Provided entries -
Start of Block

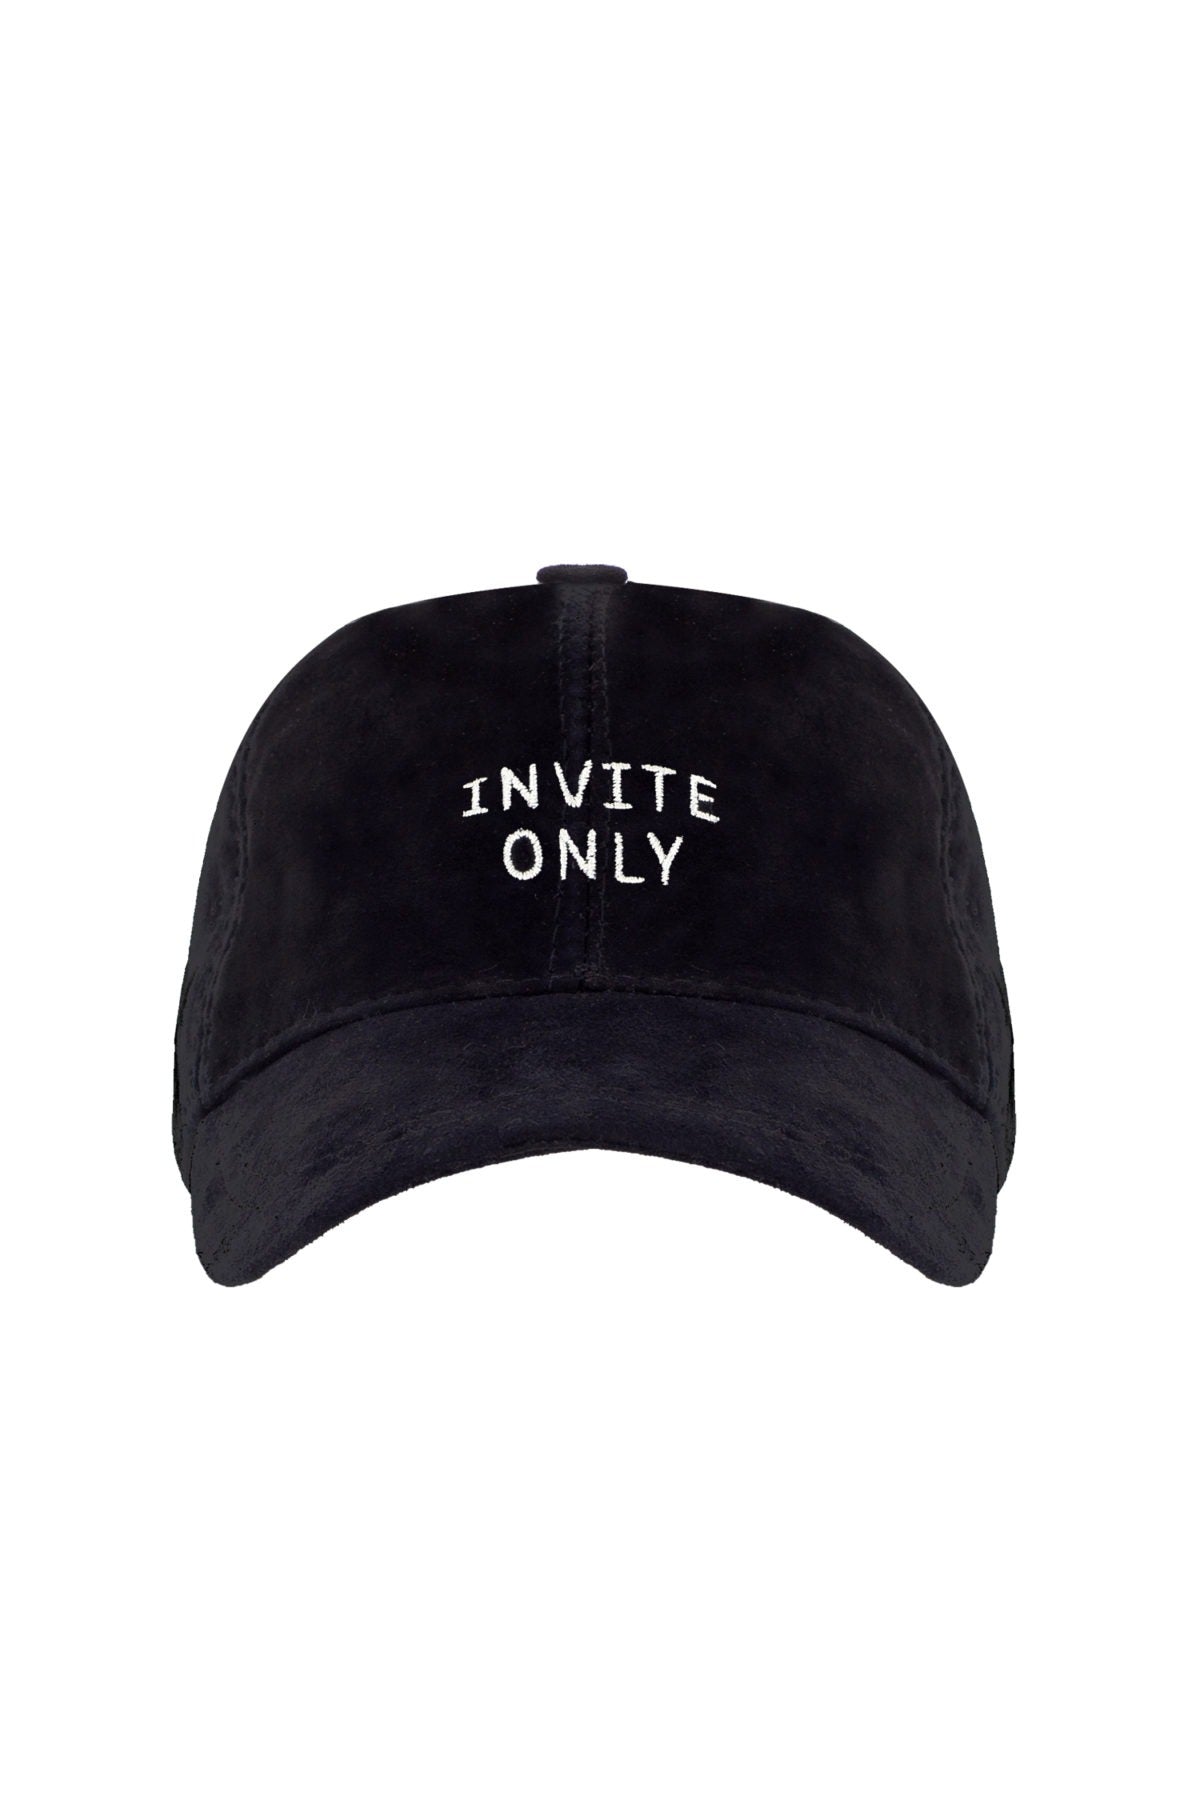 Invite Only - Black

End of Block
Start of Block

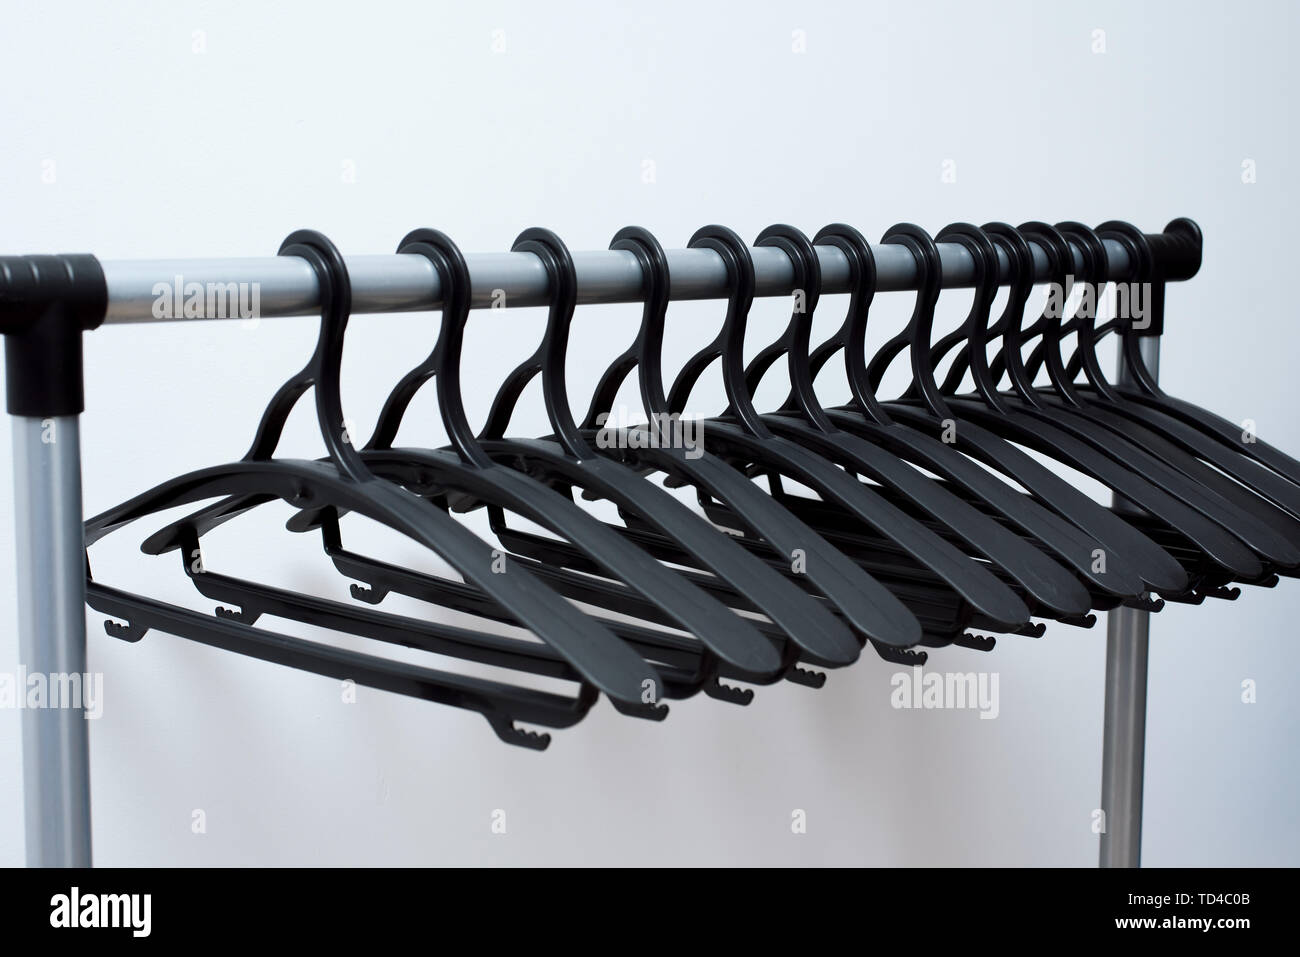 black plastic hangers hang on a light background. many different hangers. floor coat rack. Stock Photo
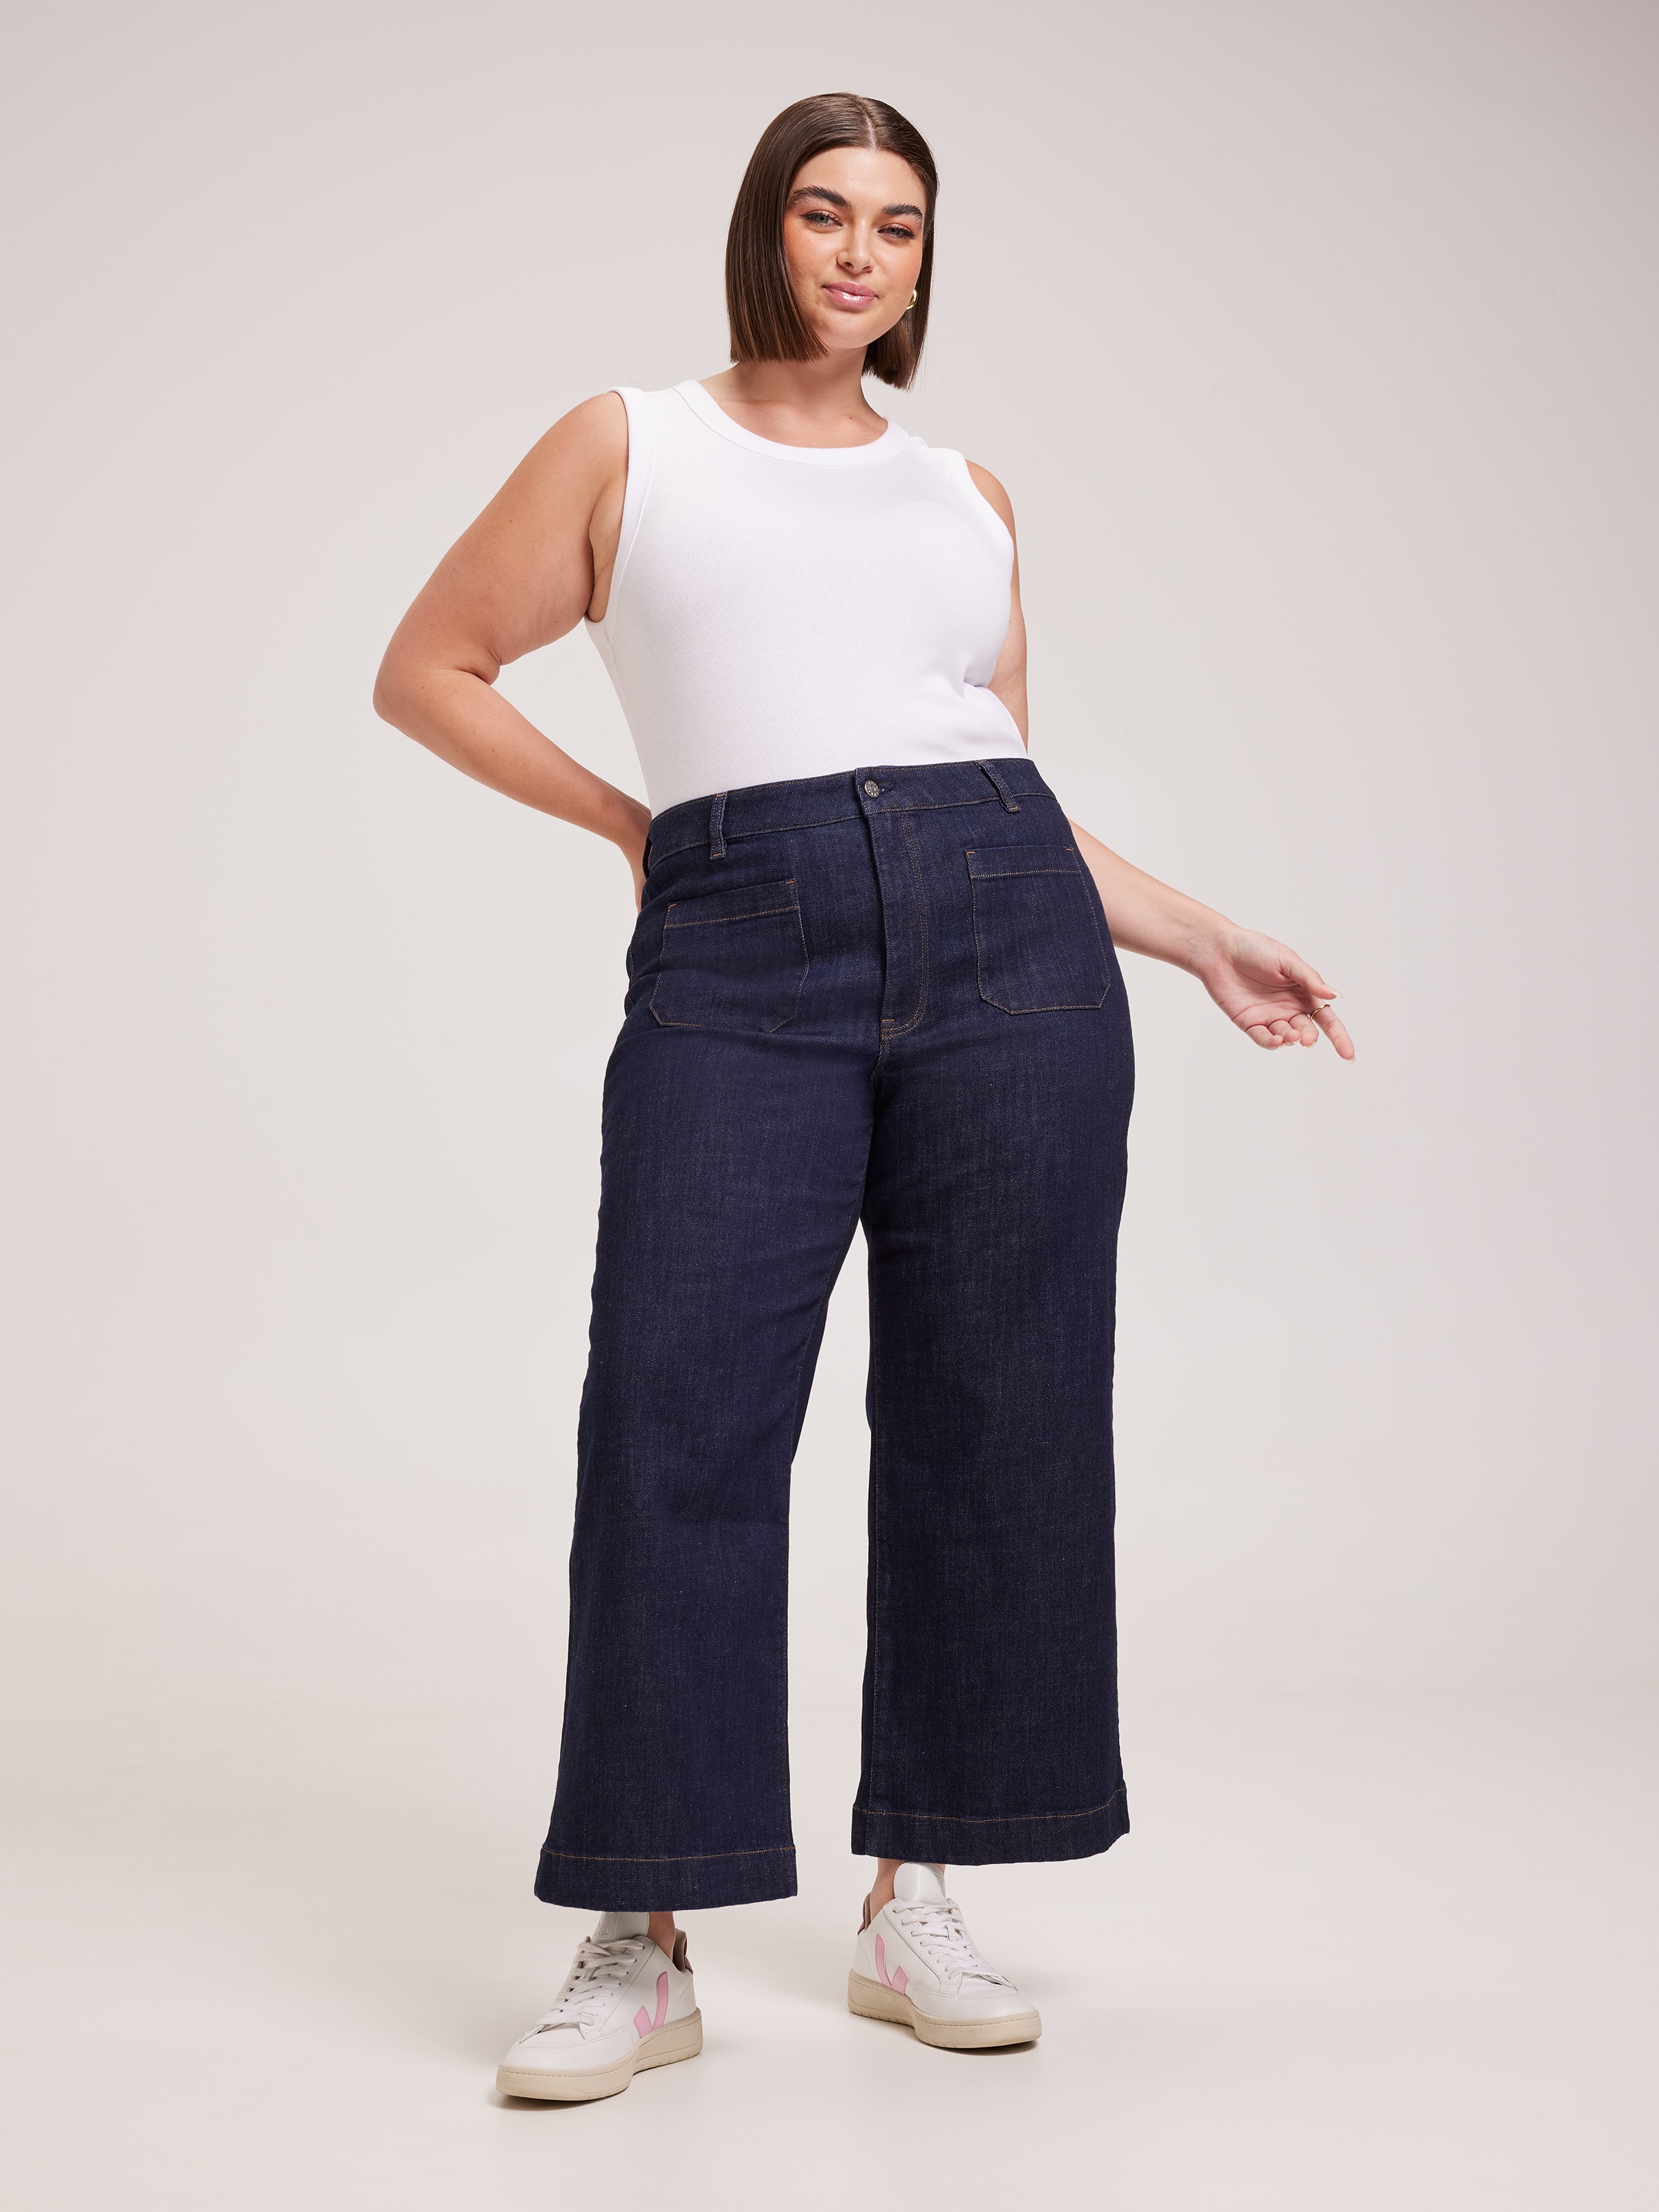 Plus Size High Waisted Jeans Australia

End of Block

What this task involves - Leaving every picture aside, reproduce exactly the lines above from the one with "black plastic hangers" up to and including the one with "Plus Size High Waisted Jeans Australia", and no others.

Response -
 black plastic hangers hang on a light background. many different hangers. floor coat rack. Stock Photo
 Plus Size High Waisted Jeans Australia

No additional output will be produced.